Another approach is the so-called demographic parity. In that case, one requires that the membership of a protected attribute is uncorrelated with the output of the algorithm. Let us assume that granting a loan is indicated by a target binary variable Y = 1 (the ground truth) and that the protected (binary) attribute is called A. The forecast of the model is called Z. Demographic parity then means that
Pr[ Z = 1 | A = 0] = Pr[ Z=1 | A=1]
This notion, however, is also flawed. A key issue with the approach is that if the ground truth (i.e. default in our example) does depend on the protected attribute, the perfect predictor (i.e. Y=Z) cannot be reached and therefore the utility and predictive power of the model reduces. Moreover, by requiring demographic parity, the model has to yield (on average) the same outcome for the different values of the protected attribute. In our example, demographic parity would imply that the model would have to refuse good candidates from one category and accept bad candidates from the other category in order to reach the same average level. Concretely, assuming that the Dutch-speaking people historically have defaulted on 3% of their loans while the French speakers only on 1%, demographic parity would typically be in the disadvantage of the Walloons.
A more subtle suggestion for fairness was proposed by Hardt et al:
Pr[Z=1 | Y=y, A=0] = Pr[Z=1 | Y=y, A=1]
for y=0,1. In other words, relatively speaking the model has to be right (or wrong) as often for either value of the protected attribute.
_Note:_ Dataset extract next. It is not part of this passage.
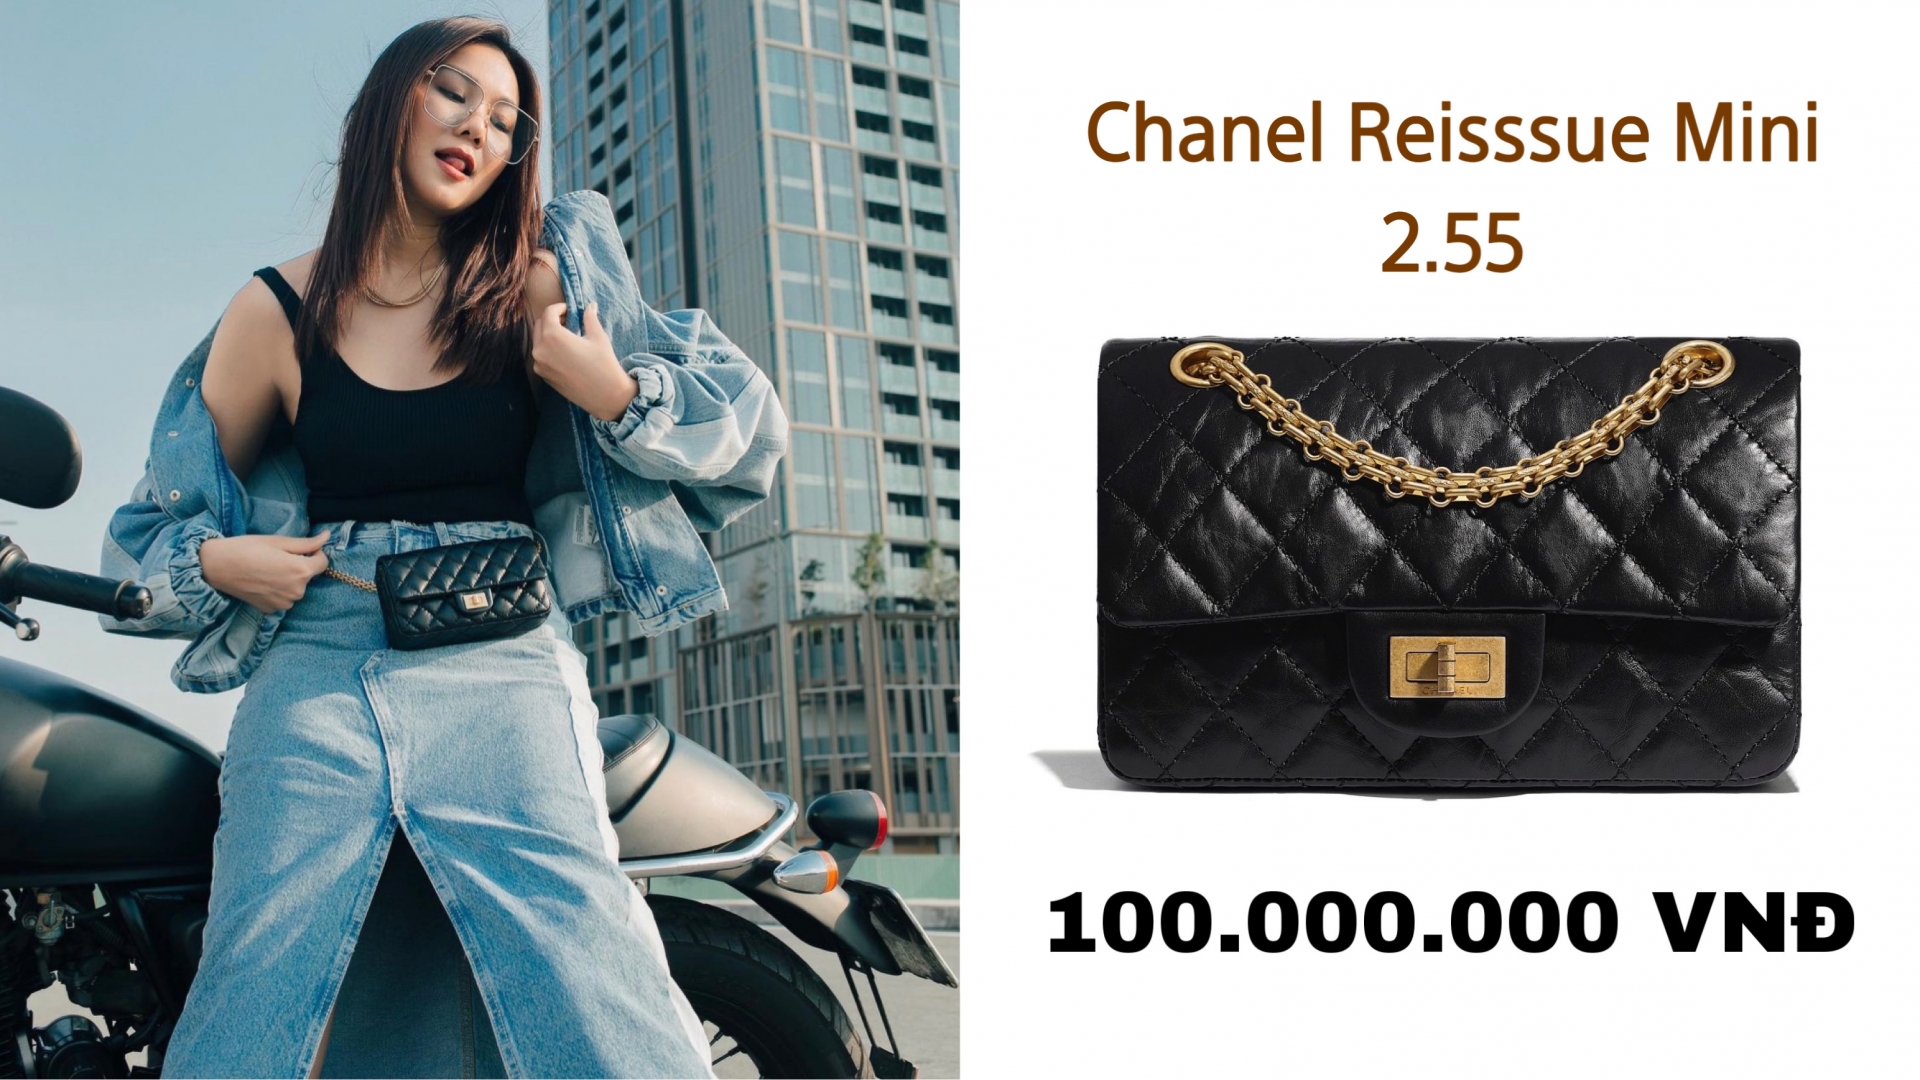 Ngoài những mẫu túi Chanel size to, Thanh Hằng cũng sở hữu những item nhỏ xinh cực hot, điển hình là chiếc Chanel Reissue Mini có giá xấp xỉ 100 triệu này.
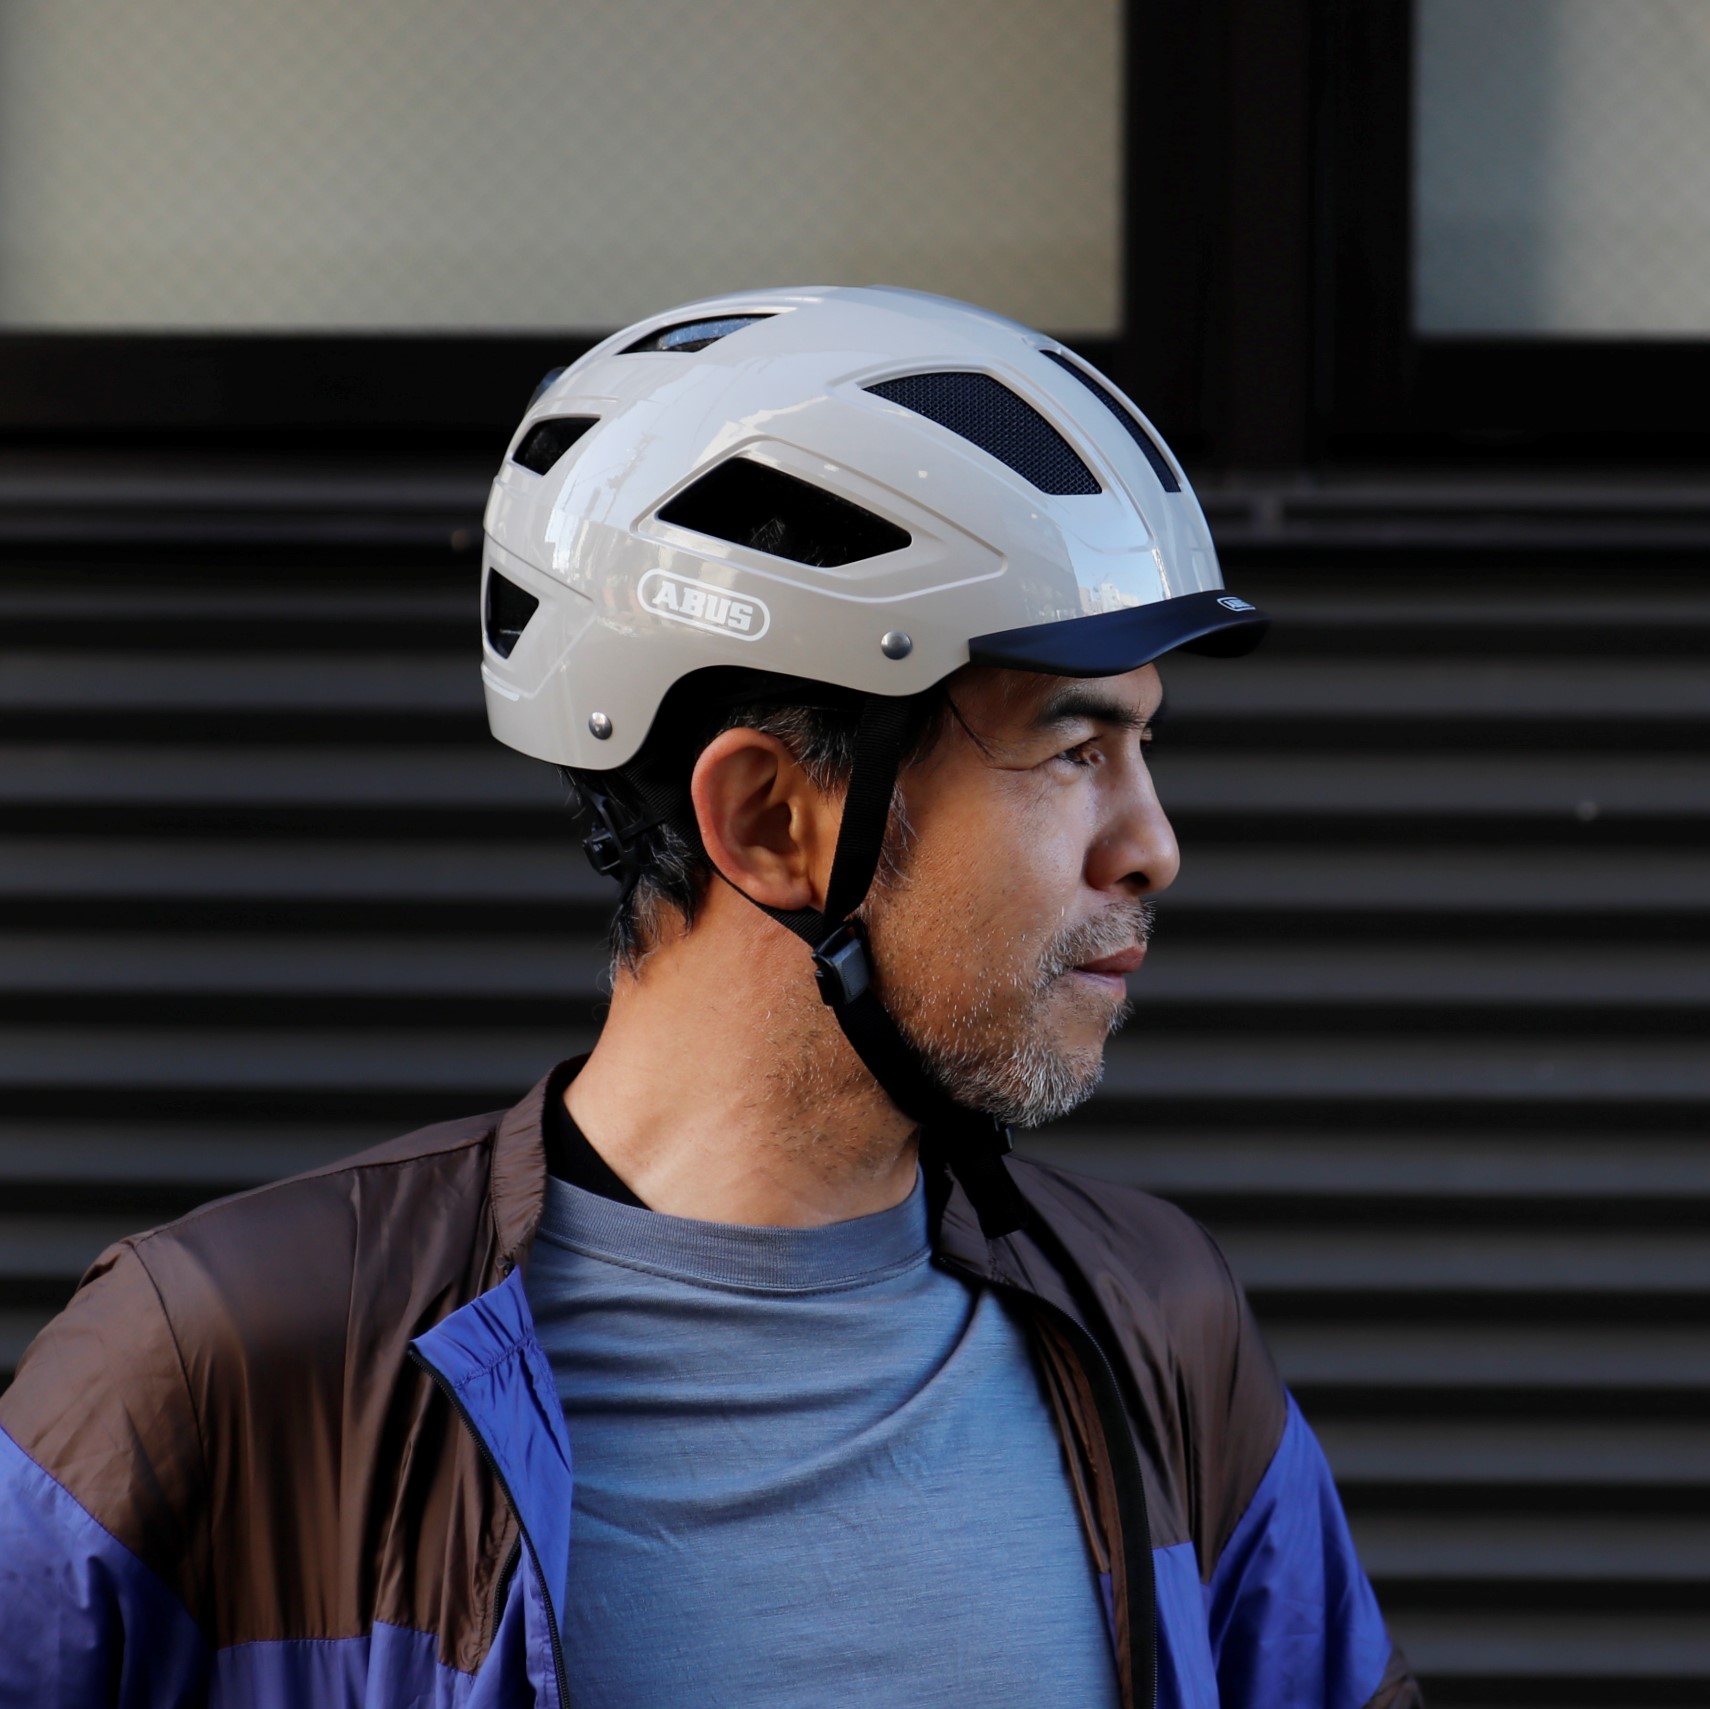 BLOG ～街乗りにオススメのヘルメット～ ゴテゴテとしないシンプルな

This definition incentivizes more accurate models and the property is called oblivious as it depends on the joint distribution of A, Y and Z.
As can be seen from the above, mastering fairness in ML/AI is crucial. This is why many tech giants such as Google, Facebook, Microsoft and IBM have created initiatives to tackle this problem. However, given that bias in algorithms is just one instance of model risk, we believe that the best approach is to separate concerns and handoff bias detection to entities that are independent of the model developers. In other words, we suggest leveraging the separation between the first and second line of defence to tackle bias efficiently.